Message Filtering

This SMT is currently in incubating state, i.e. exact semantics, configuration options etc. may change in future revisions, based on the feedback we receive. Please let us know if you encounter any problems while using this filter transformation.

With real-life applications, it is often necessary to deliver only a subset of events into the Kafka broker. The user might need to filter the events according to different business rules. Kafka Connect provides a generic mechanism to do the filtering in the form of Simple Message Transforms (SMT).

The SMT is a Java class that encodes the filtering logic. This is a very powerful mechanism but has two drawbacks:

  • It is necessary to compile the transformation upfront and deploy it to Kafka Connect.

  • Every change needs code recompilation and redeployment, leading to inflexible operations.

To solve this problem, Debezium comes with the Filtering SMT. This SMT allows the operator to write an expression that is evaluated for each event and according to the result, it is either filtered out or passed on for further processing.
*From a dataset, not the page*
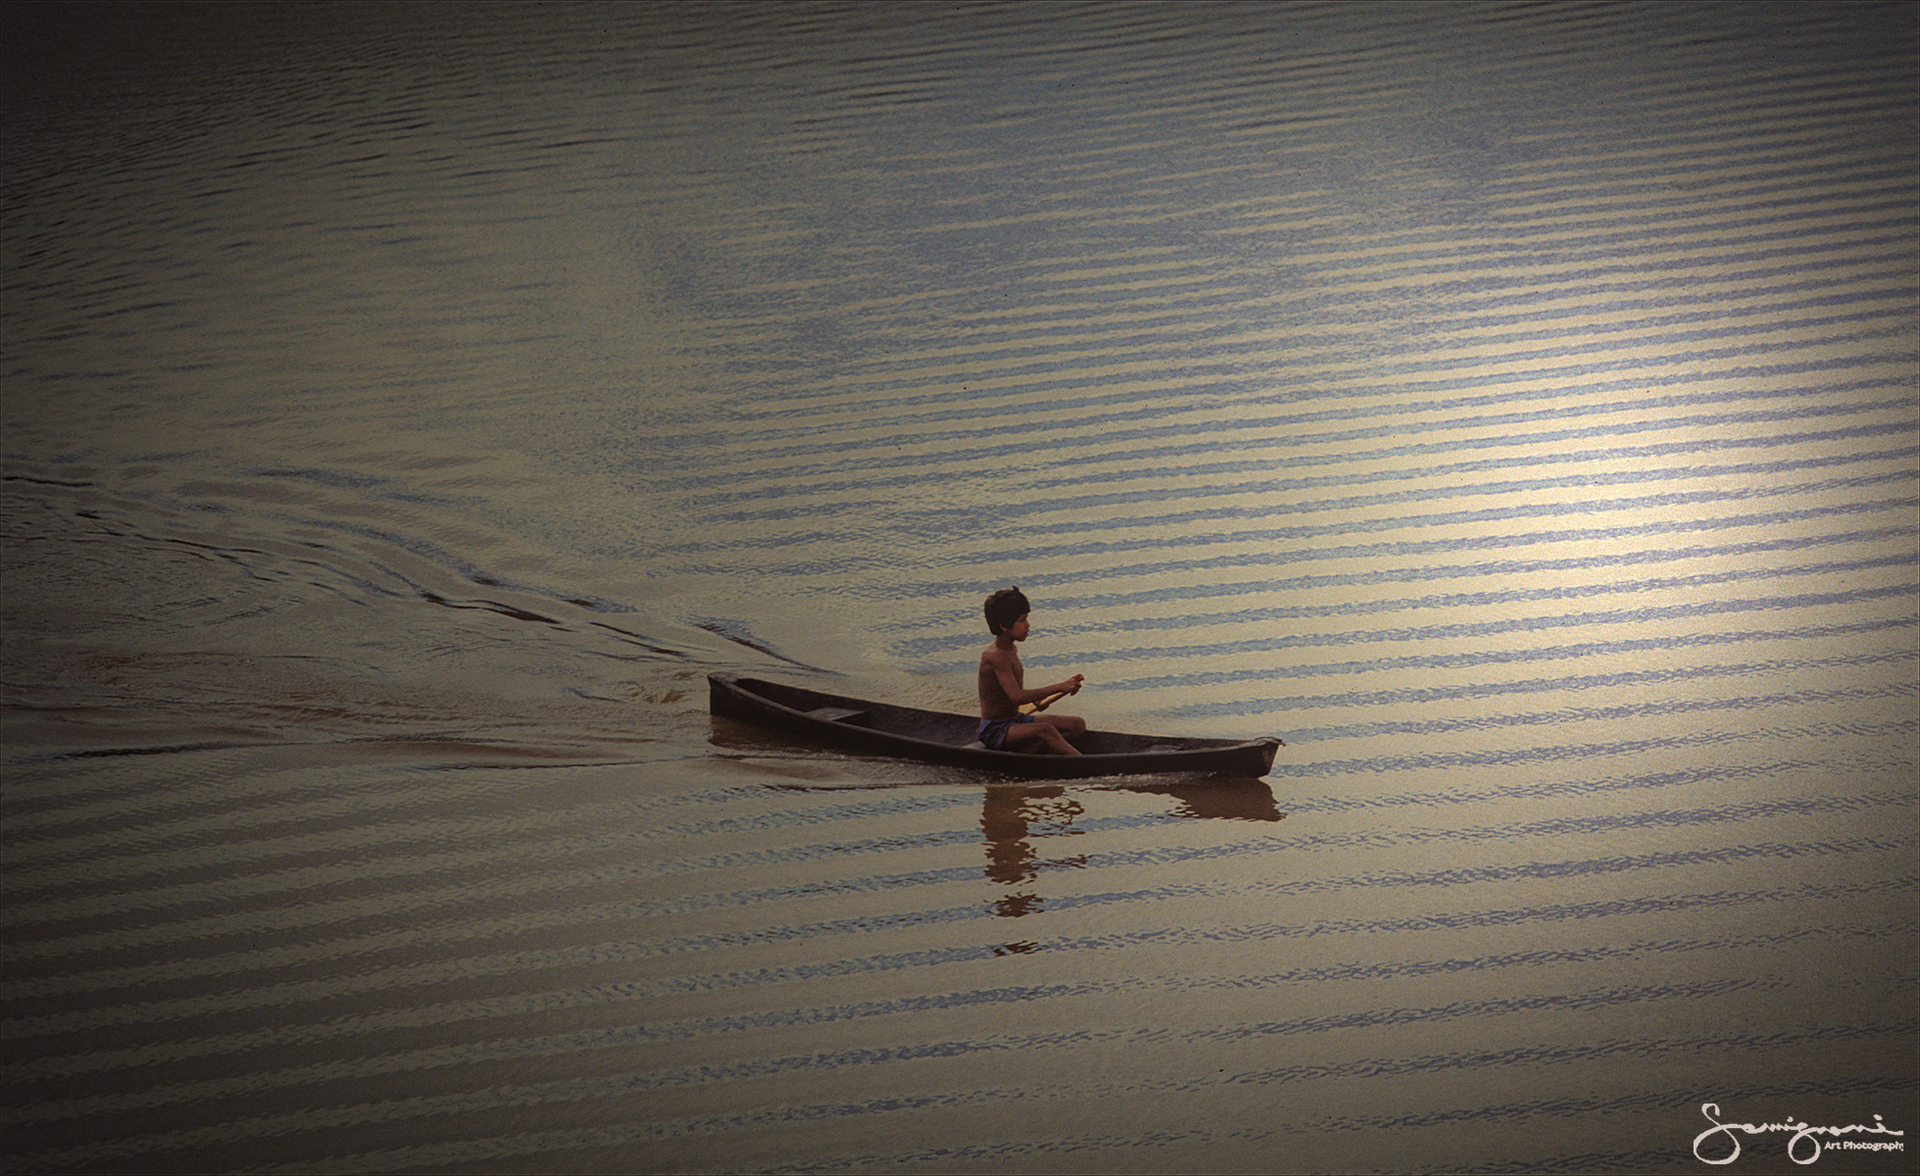 Boy in Dugout Canoe-Breves Narrows-Amazon River, Brazil

The current implementation supports any scripting language which integrates with JSR 223 (Scripting for the Java™ Platform).

The Filtering SMT can be used like so:

...
transforms=filter
transforms.filter.type=io.debezium.transforms.Filter
transforms.filter.language=jsr223.groovy
transforms.filter.condition=value.op == 'u' && value.before.id == 2
...

In this example we are using Groovy as expression language, and we’re filtering out all update records with id field equal to 2.
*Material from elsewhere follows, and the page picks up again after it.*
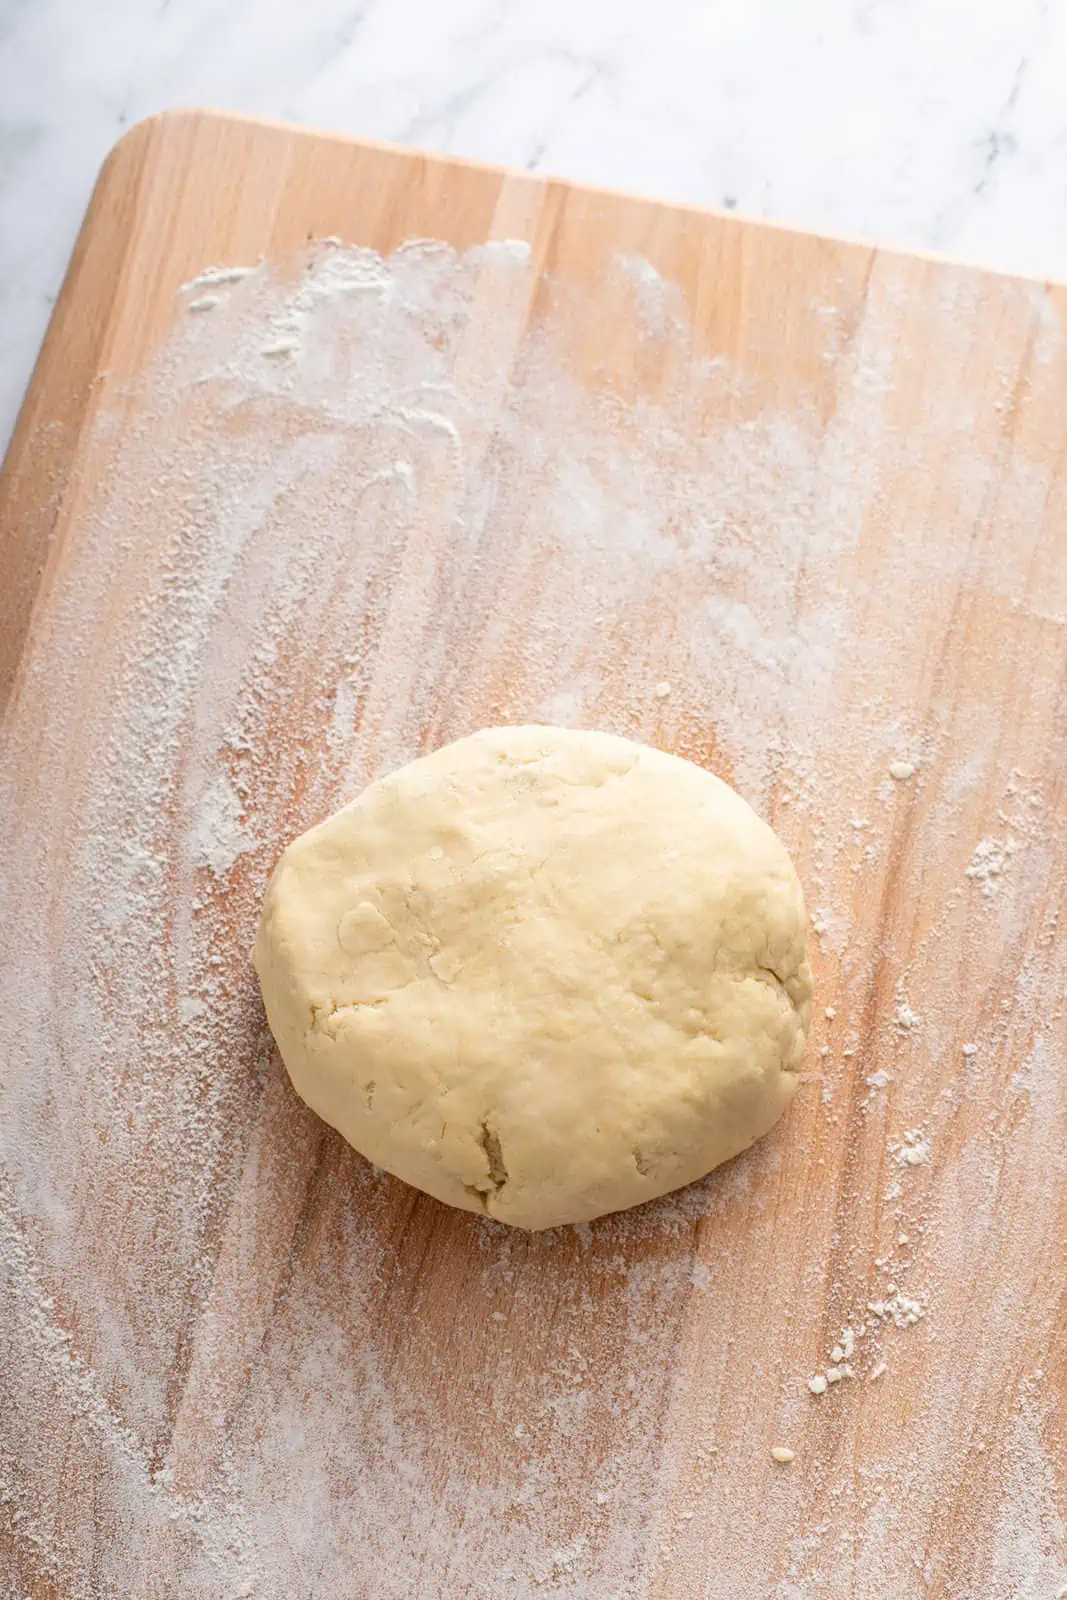 Ball of pie dough on a floured wooden cutting board.

Debezium does not come with the language implementations in its installation packages. It is the user’s responsibility to provide an implementation, such as Groovy 3 or GraalVM JavaScript, on the classpath. Bootstrapping is done exclusively via the JSR 223 API currently, so the engine’s support for this API must be provided as well.
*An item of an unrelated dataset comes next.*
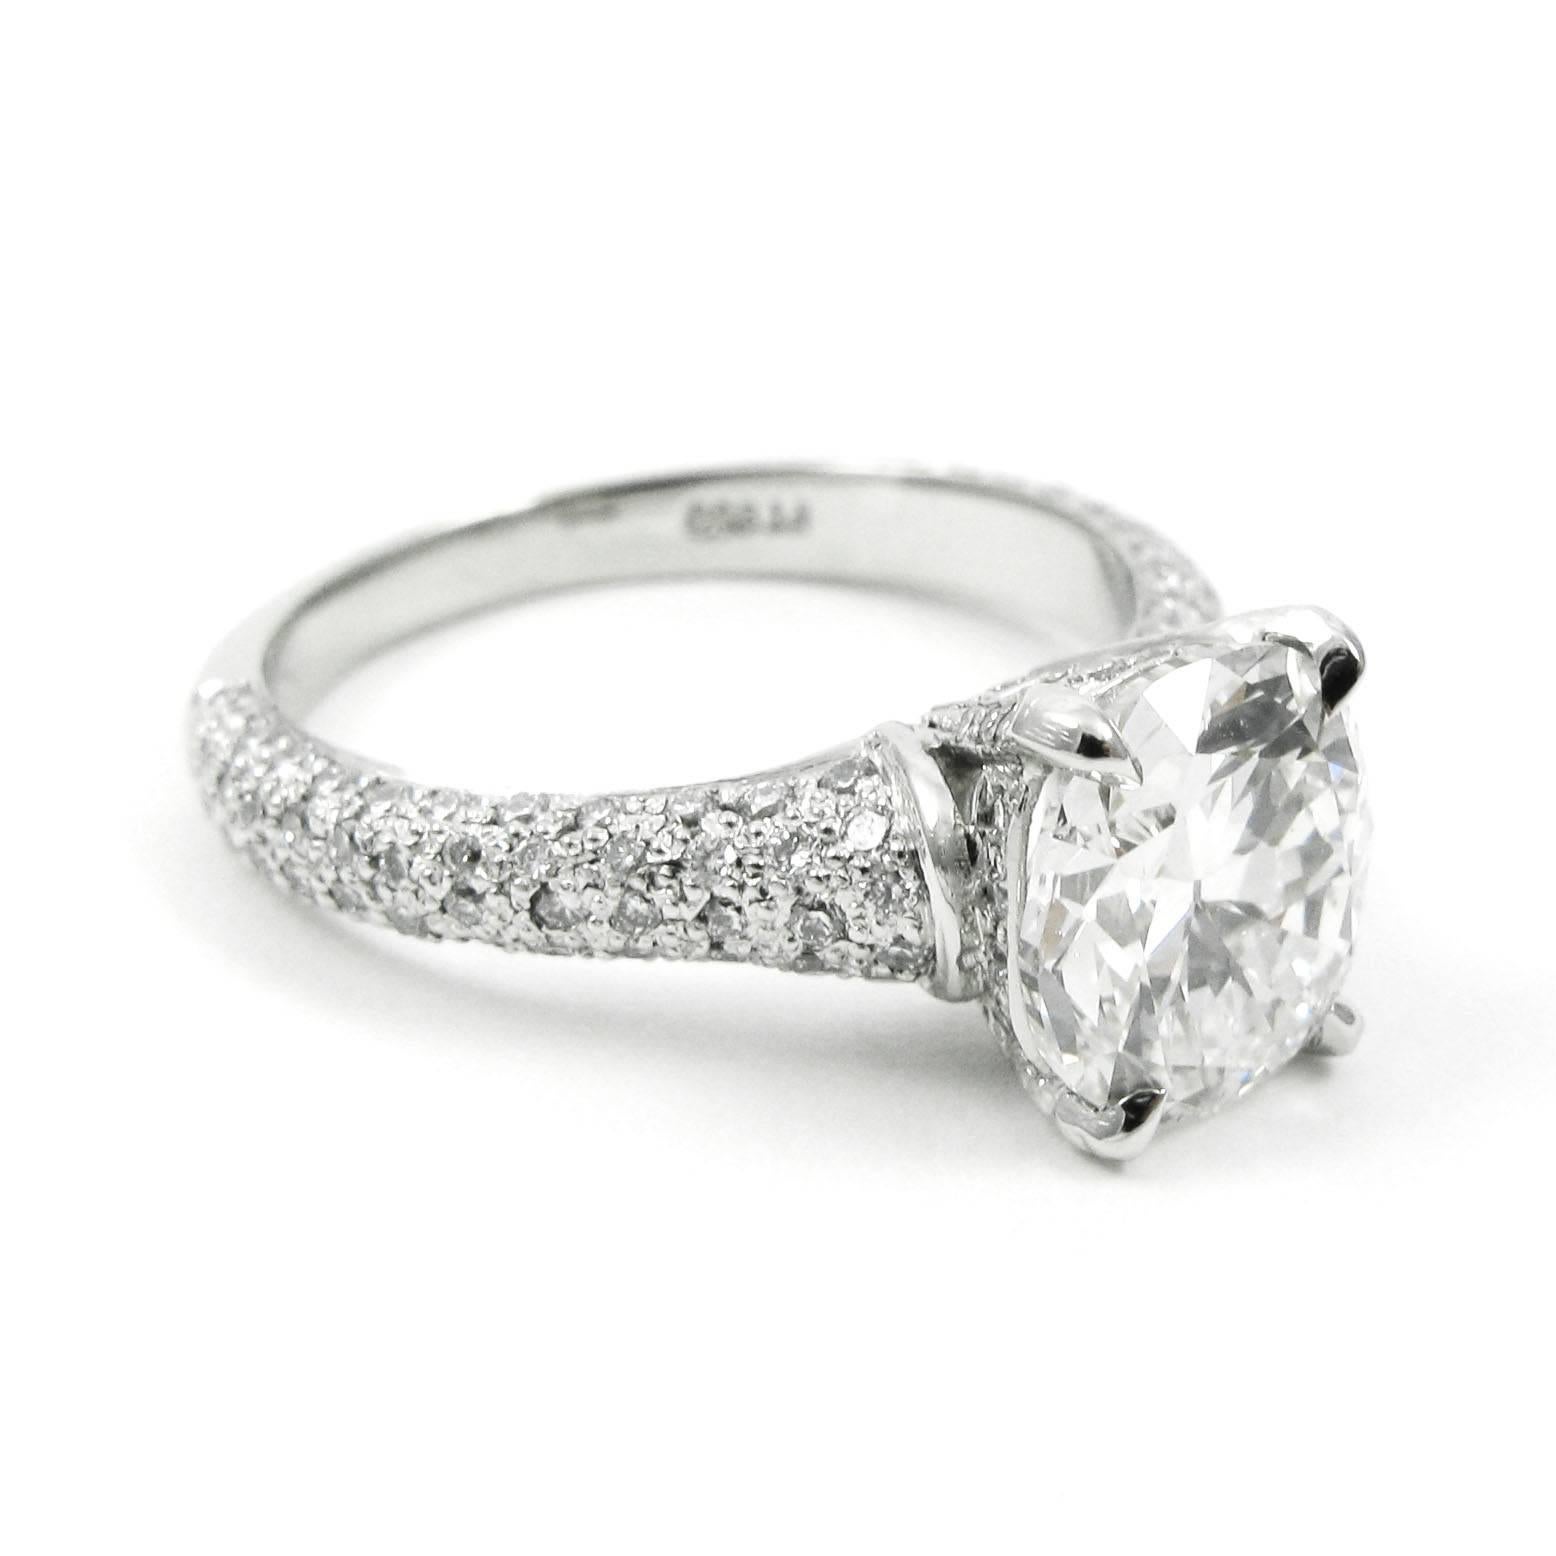 2.04 carat diamond ring

Debezium binds four variables into the evaluation context:

  • key - a key of the message

  • value - a value of the message

  • keySchema - the schema of the message key

  • valueSchema - the schema of the message value

  • topic - the name of the target topic

  • headers - the map of message headers keyed with header name and value composed of schema and value variables

The key and value are of type org.apache.kafka.connect.data.Struct and keySchema and valueSchema are variables of type org.apache.kafka.connect.data.Schema. The expression can invoke arbitrary methods on the variables and should evaluate into a boolean value that decides whether the message is removed true or kept. Expressions should be side-effect free, i.e. they should not modify the passed variables in any way.

Language specifics

The same business logic - remove all update records with id set to 2 can be expressed like this, depending on your preferred scripting language; In case of Groovy, the value fields can be accessed in a property-like way:

value.op == 'u' && value.before.id == 2

The Debezium MongoDB connector emits the after and patch fields not as structures but as serialized JSON documents. This means that when you are using the SMT with the MongoDB connector you should either first apply `ExtractNewDocumentState) SMT to unwind the field or use a JSON parser in the expression.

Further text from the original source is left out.